A photo in the file showed a woman standing in front of a corrugated metal wall and listed a home address in a Chinese village.
A second Binance file listed the name of a 24-year-old woman with a home address in rural Myanmar.
Over nine months ending in mid-2024, the customer moved more than US$2 million, over 1,000 times the average annual salary in Myanmar.
Ms Erin West, a former prosecutor who runs a non-profit dedicated to stopping scams, said the women appeared to be “money mules” whose personal data may have been harvested by scammers to create fake accounts on Binance.
“There’s nothing that appears legitimate about this in any way,” said Ms West, who reviewed the files for the Times and the ICIJ. “We see this all the time.”
Binance declined to comment on the case.
Law enforcement often stands little chance of tracking down thieves thousands of kilometres away.
Ms Carrissa Weber, 58, a resident of the Canadian province of Alberta, lost more than US$25,000 in 2025 to a scammer who posed as a start-up manager and encouraged her to invest in crypto.
It was her life savings.
Ms Weber reached out to Canadian police but has not recovered the funds.
“My case is sitting in a filing cabinet, and no one’s doing anything with it,” she said.
An analysis of Ms Weber’s transaction records showed that the money she lost had ended up in a handful of crypto wallets.
All of them channeled funds into OKX. Two deposit accounts that received that money had been under scrutiny by the exchange since in 2024 for exhibiting “suspicious characteristics”, said Ms Lacewell of OKX.
OKX did not freeze the accounts until October, six months after Ms Weber was scammed.
Crypto for cash
At the back of a deli in Kyiv, Ukraine, past shelves lined with snacks and sodas, an electronic buzzer offered access to a door labelled “Currency Exchange”.
Inside the back room was a business dedicated to converting crypto into cash.
A cash-counting machine was perched on a desk, next to an old-school plastic calculator and a cardboard box filled with rubber bands for binding stacks of bills.
These crypto-to-cash storefronts, dotted throughout Asia and Eastern Europe, are a new frontier in global money laundering, crypto and law enforcement experts said.
Anyone can walk into these businesses and, often without presenting any personal information, exchange large quantities of cryptocurrency for US dollars, euros or another traditional currency.
In 2024, crypto-to-cash desks in Hong Kong processed more than US$2.5 billion in transactions, according to Crystal Intelligence, a crypto analytics firm.
“These can enable an almost endless volume of financial crime,” said Mr Richard Sanders, a crypto tracer who has studied the cash desks.
Many crypto-to-cash businesses rely on major exchanges.
Binance, OKX and Bybit received a total of US$531 million from the currency desks in 2024, according to data from Crystal.
While not everyone using these services is a criminal, the anonymous nature of the transactions lends itself to money laundering and other types of illicit finance.

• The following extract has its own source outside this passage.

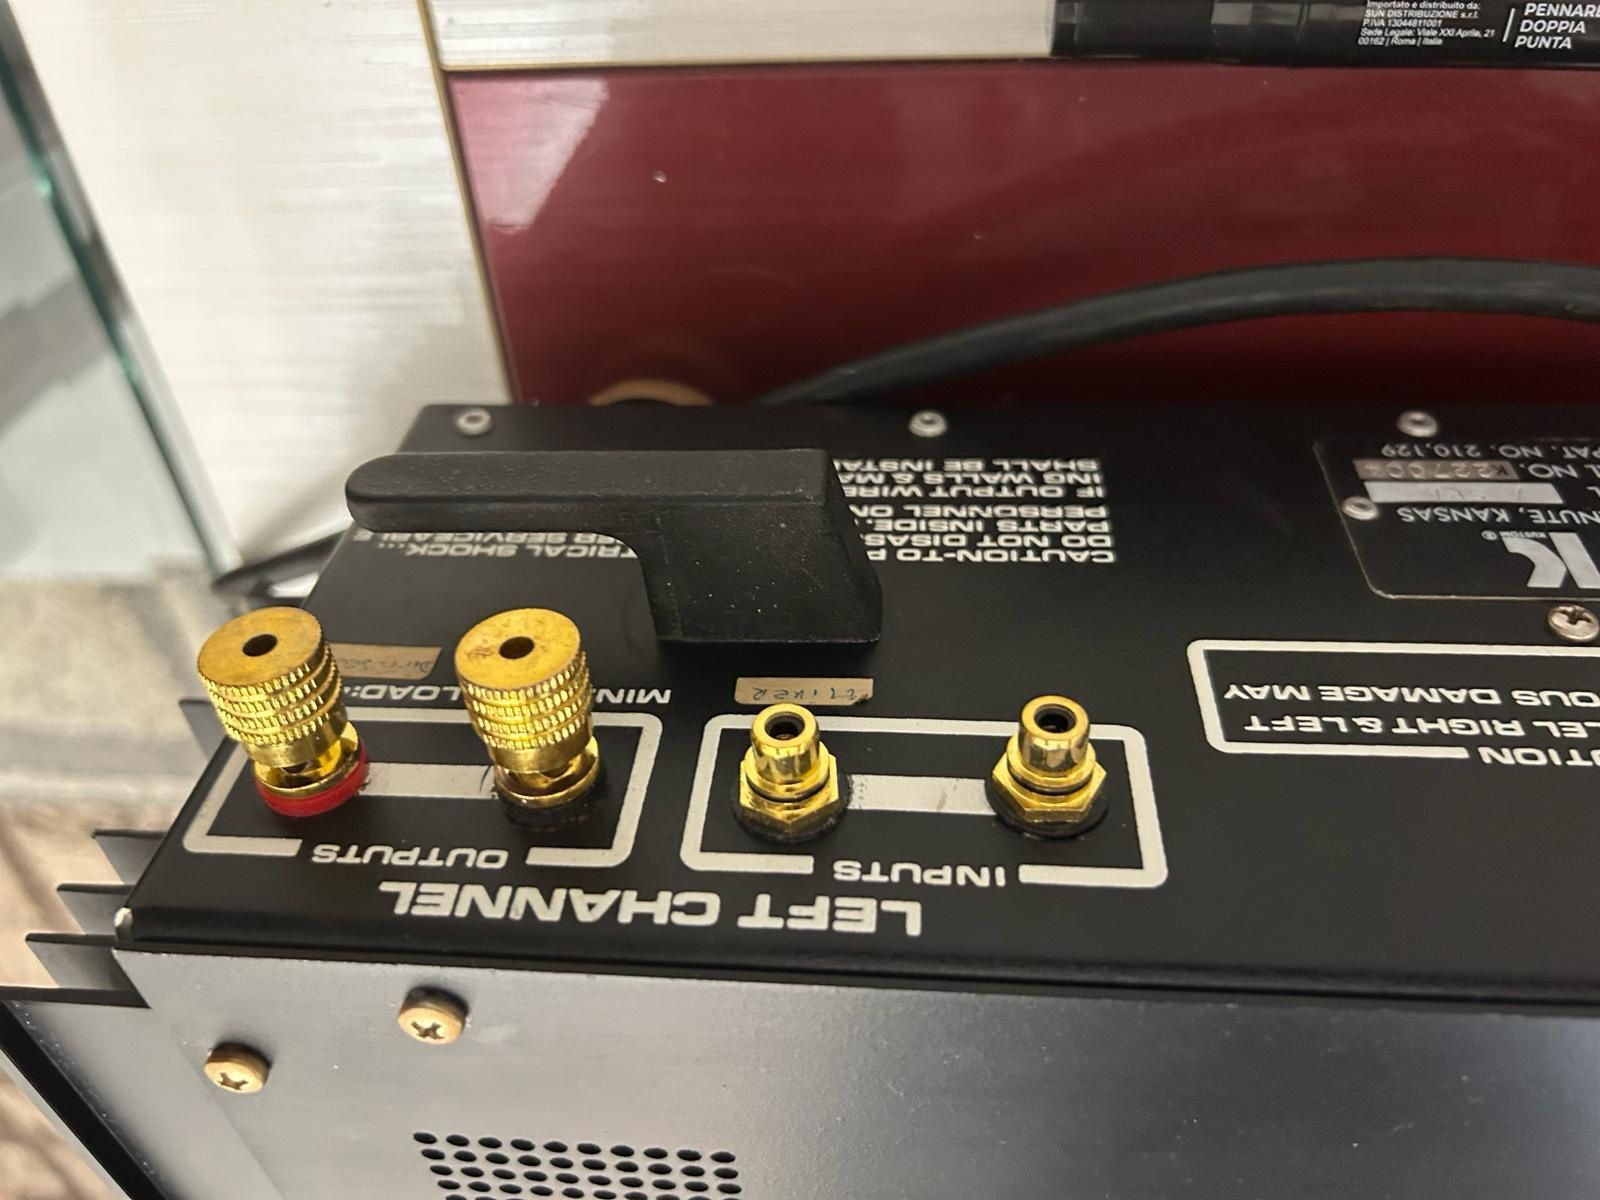 Amplificator putere usa fabricatie 1970 germaniu impecabila high end

“A lot of the ones that we’ve come across don’t require any identity documents,” said Mr Nick Smart, Crystal’s chief intelligence officer. “You can put almost as much as you want in any of them.”

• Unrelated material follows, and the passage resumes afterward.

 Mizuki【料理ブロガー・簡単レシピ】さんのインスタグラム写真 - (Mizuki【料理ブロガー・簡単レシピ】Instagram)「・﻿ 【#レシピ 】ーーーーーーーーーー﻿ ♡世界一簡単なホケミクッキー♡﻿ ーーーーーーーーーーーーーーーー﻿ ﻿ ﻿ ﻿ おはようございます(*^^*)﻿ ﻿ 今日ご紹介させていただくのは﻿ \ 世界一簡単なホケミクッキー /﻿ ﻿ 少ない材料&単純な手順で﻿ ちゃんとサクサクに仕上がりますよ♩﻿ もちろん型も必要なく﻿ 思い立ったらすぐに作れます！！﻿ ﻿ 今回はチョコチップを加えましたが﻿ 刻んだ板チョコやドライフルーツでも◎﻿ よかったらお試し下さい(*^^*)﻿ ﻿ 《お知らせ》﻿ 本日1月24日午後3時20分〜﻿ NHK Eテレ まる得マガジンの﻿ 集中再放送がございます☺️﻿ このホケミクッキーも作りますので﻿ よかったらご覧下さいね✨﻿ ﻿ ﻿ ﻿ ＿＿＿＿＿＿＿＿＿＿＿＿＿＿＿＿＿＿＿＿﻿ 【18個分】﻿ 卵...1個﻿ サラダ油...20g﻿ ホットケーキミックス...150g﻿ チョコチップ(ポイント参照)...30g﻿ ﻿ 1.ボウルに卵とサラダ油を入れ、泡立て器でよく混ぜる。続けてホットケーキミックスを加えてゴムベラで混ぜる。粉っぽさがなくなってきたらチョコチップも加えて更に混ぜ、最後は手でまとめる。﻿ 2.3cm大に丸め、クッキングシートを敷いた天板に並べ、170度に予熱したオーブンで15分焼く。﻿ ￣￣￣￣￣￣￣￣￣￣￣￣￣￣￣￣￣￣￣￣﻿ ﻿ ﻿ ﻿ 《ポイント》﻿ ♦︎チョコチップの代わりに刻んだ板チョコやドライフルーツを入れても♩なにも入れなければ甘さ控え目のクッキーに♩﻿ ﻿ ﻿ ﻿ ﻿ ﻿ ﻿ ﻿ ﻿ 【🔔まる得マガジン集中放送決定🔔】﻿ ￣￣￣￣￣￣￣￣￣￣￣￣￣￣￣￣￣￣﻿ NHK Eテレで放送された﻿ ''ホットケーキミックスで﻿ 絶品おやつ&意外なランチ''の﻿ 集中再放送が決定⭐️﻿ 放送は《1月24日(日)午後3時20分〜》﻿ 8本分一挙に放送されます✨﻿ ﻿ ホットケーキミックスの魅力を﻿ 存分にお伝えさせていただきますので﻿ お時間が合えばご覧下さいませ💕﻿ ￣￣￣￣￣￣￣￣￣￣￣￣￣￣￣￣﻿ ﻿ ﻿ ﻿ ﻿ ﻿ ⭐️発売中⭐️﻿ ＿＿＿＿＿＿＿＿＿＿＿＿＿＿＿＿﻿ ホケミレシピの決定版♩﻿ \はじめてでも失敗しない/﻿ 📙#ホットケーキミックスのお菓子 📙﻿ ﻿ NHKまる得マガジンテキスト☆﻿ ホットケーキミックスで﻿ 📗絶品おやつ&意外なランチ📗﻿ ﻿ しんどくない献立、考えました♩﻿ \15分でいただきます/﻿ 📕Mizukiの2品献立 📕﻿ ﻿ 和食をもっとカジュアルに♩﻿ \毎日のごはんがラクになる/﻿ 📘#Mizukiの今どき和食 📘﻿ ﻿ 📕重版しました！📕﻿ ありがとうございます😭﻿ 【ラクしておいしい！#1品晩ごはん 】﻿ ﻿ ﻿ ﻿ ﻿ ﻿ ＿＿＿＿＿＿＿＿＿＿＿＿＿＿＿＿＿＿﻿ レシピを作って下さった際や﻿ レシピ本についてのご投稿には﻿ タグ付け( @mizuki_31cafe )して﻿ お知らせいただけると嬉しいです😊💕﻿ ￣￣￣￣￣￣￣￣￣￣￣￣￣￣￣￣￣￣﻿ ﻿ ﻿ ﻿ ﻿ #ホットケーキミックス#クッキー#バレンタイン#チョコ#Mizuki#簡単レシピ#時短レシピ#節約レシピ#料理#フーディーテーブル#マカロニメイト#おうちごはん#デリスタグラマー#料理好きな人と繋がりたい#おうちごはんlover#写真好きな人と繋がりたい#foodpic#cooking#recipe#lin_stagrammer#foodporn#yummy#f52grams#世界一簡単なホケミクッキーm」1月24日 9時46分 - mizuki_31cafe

One afternoon in July, a reporter sent US$1,200 in cryptocurrency to the cash desk in the Kyiv deli, after arranging the transaction on the Telegram chat app.
Within minutes, a man in the back room handed over a stack of bills wrapped in a thick rubber band.

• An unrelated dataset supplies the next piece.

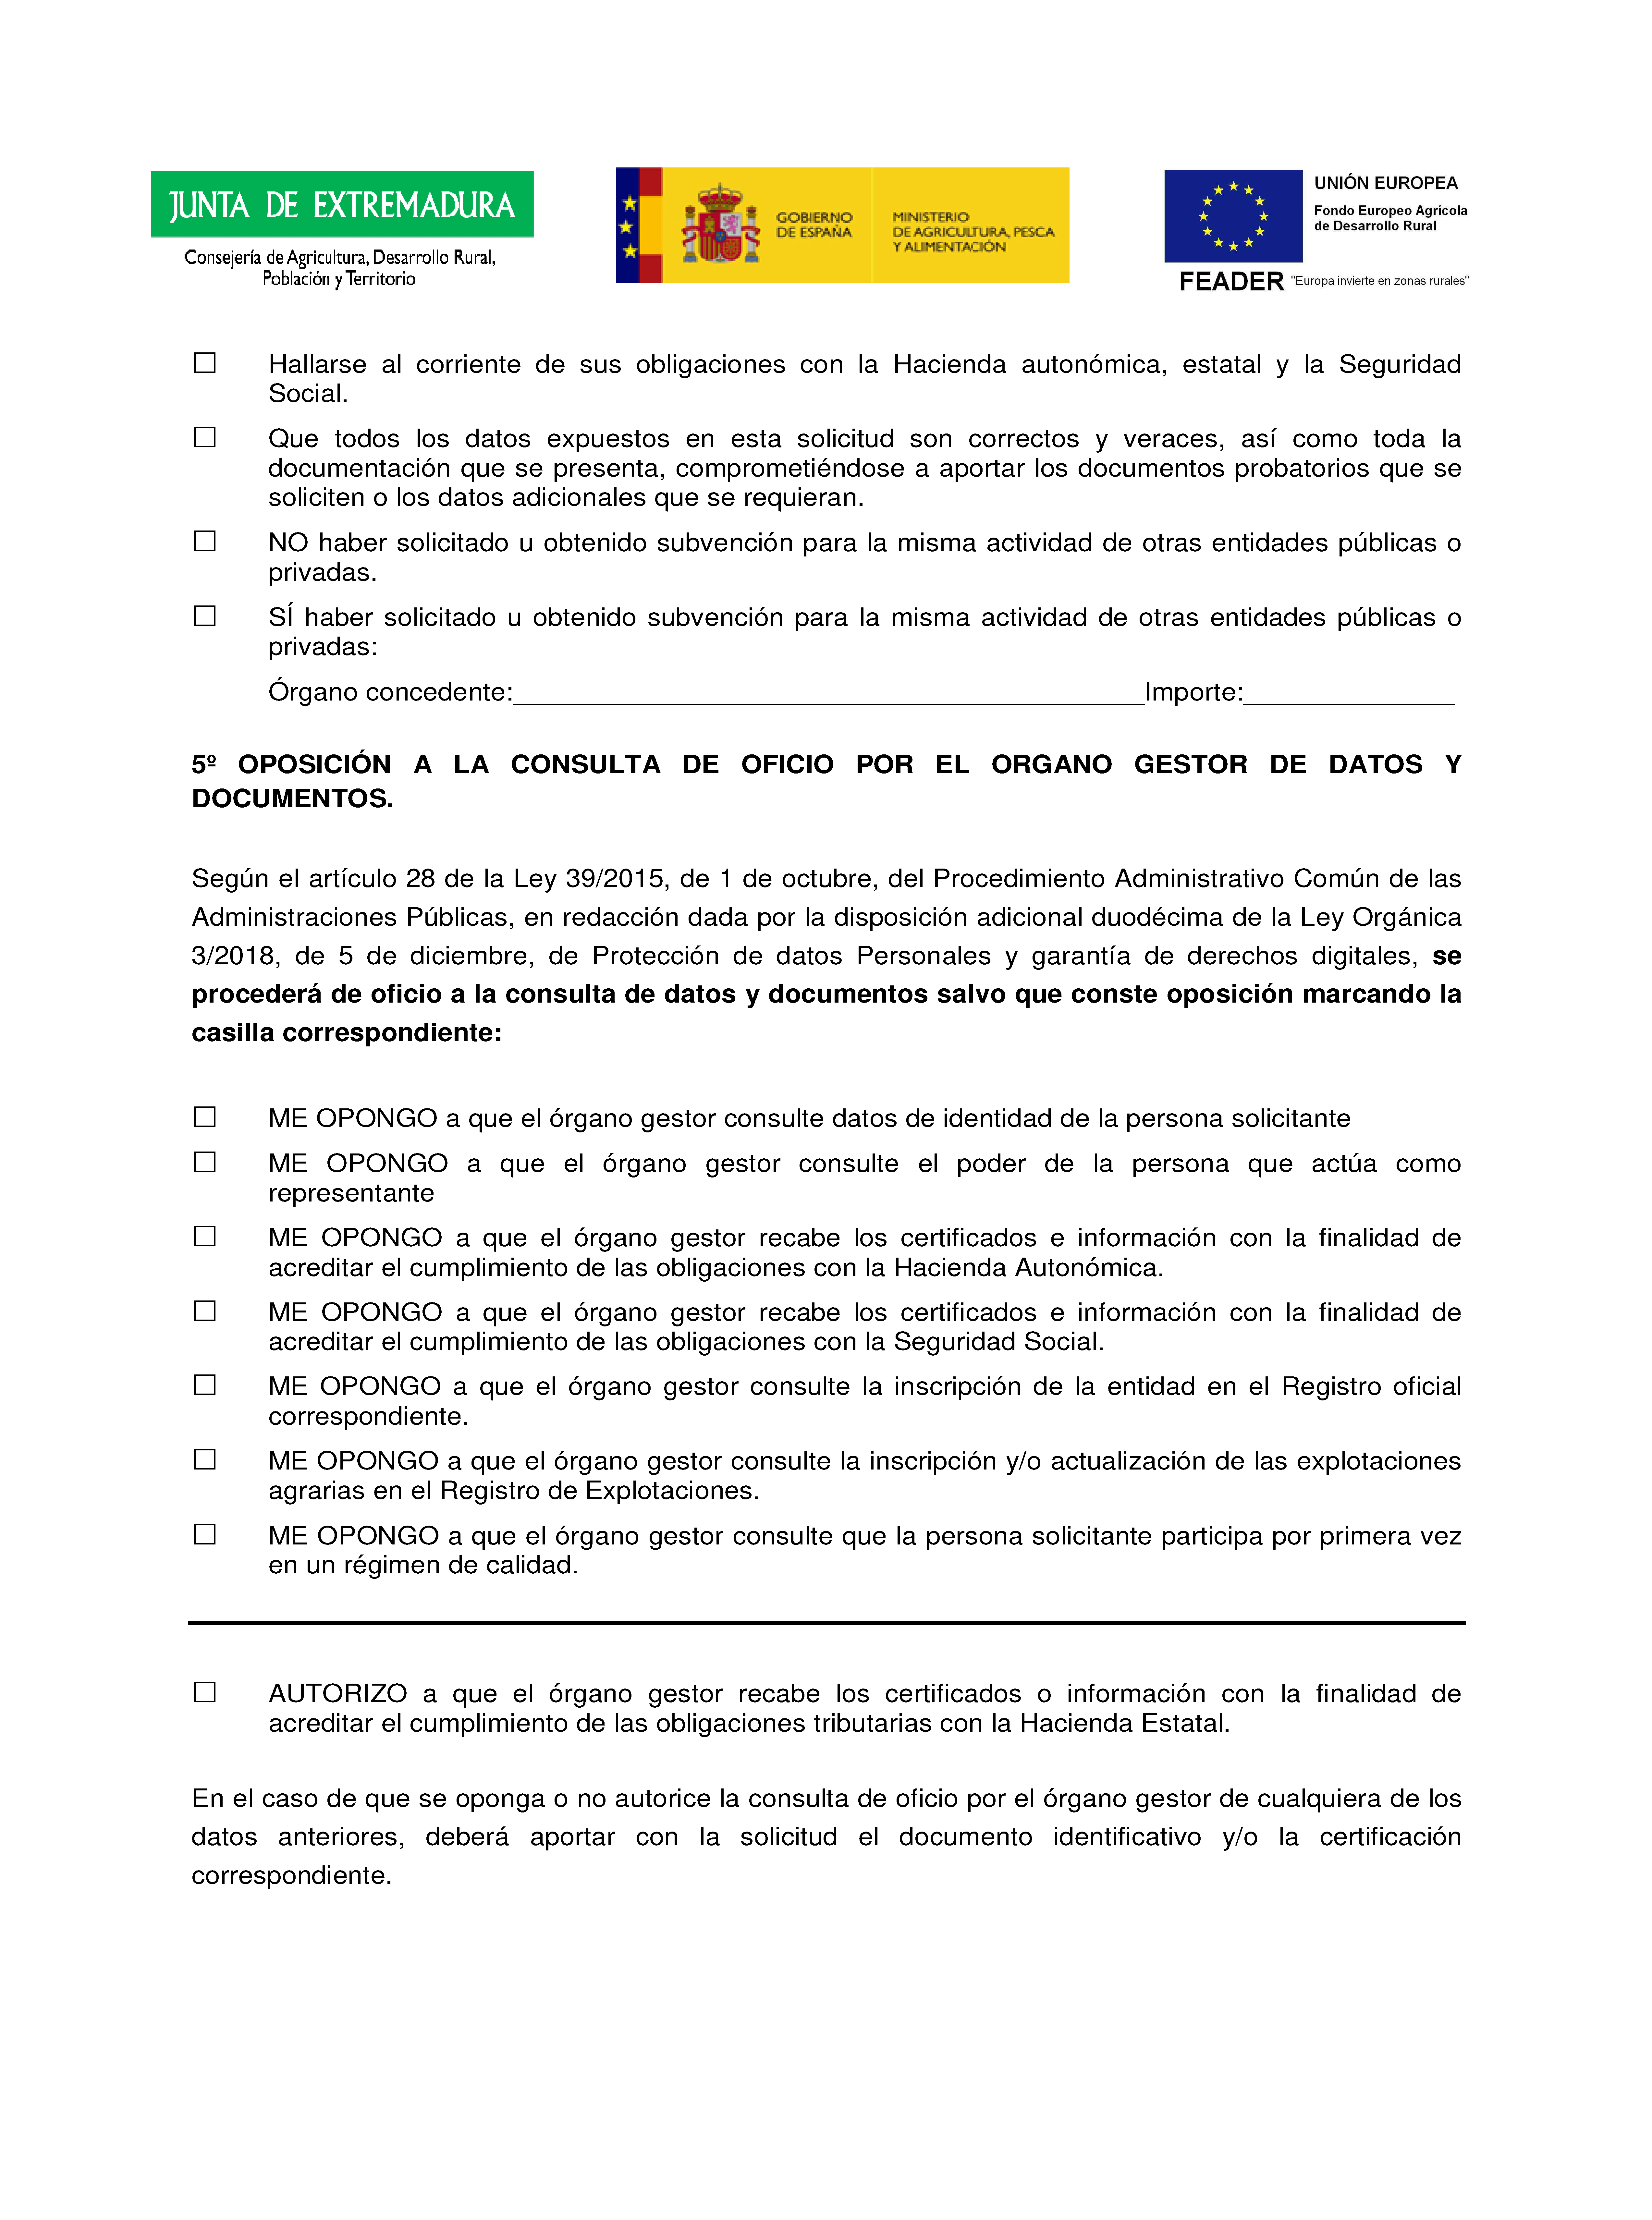 ANEXOS SOLICITUD DE AYUDAS A LOS REGIMENES DE CALIDAD DE LOS PRODUCTOS Pag 3

He did not offer a receipt, and the Telegram chat was promptly deleted.
The desk did not respond to a request for comment.
Over several weeks in 2025, the ICIJ gathered crypto wallet addresses used by more than a dozen of these storefronts in Ukraine, Poland, Canada and the United Arab Emirates.
Most of them received funds from the major exchanges, according to transaction records.
That suggests that customers looking to convert digital currencies into cash withdrew funds from their accounts before sending the money to the desks for conversion.
On the 41st floor of a glass office tower in Dubai, the reporter observed a customer at one cash operation change US$6,000 in crypto for a wad of Emirati bills. An analysis of the service’s crypto address showed that it had received more than US$2 million over two weeks in September.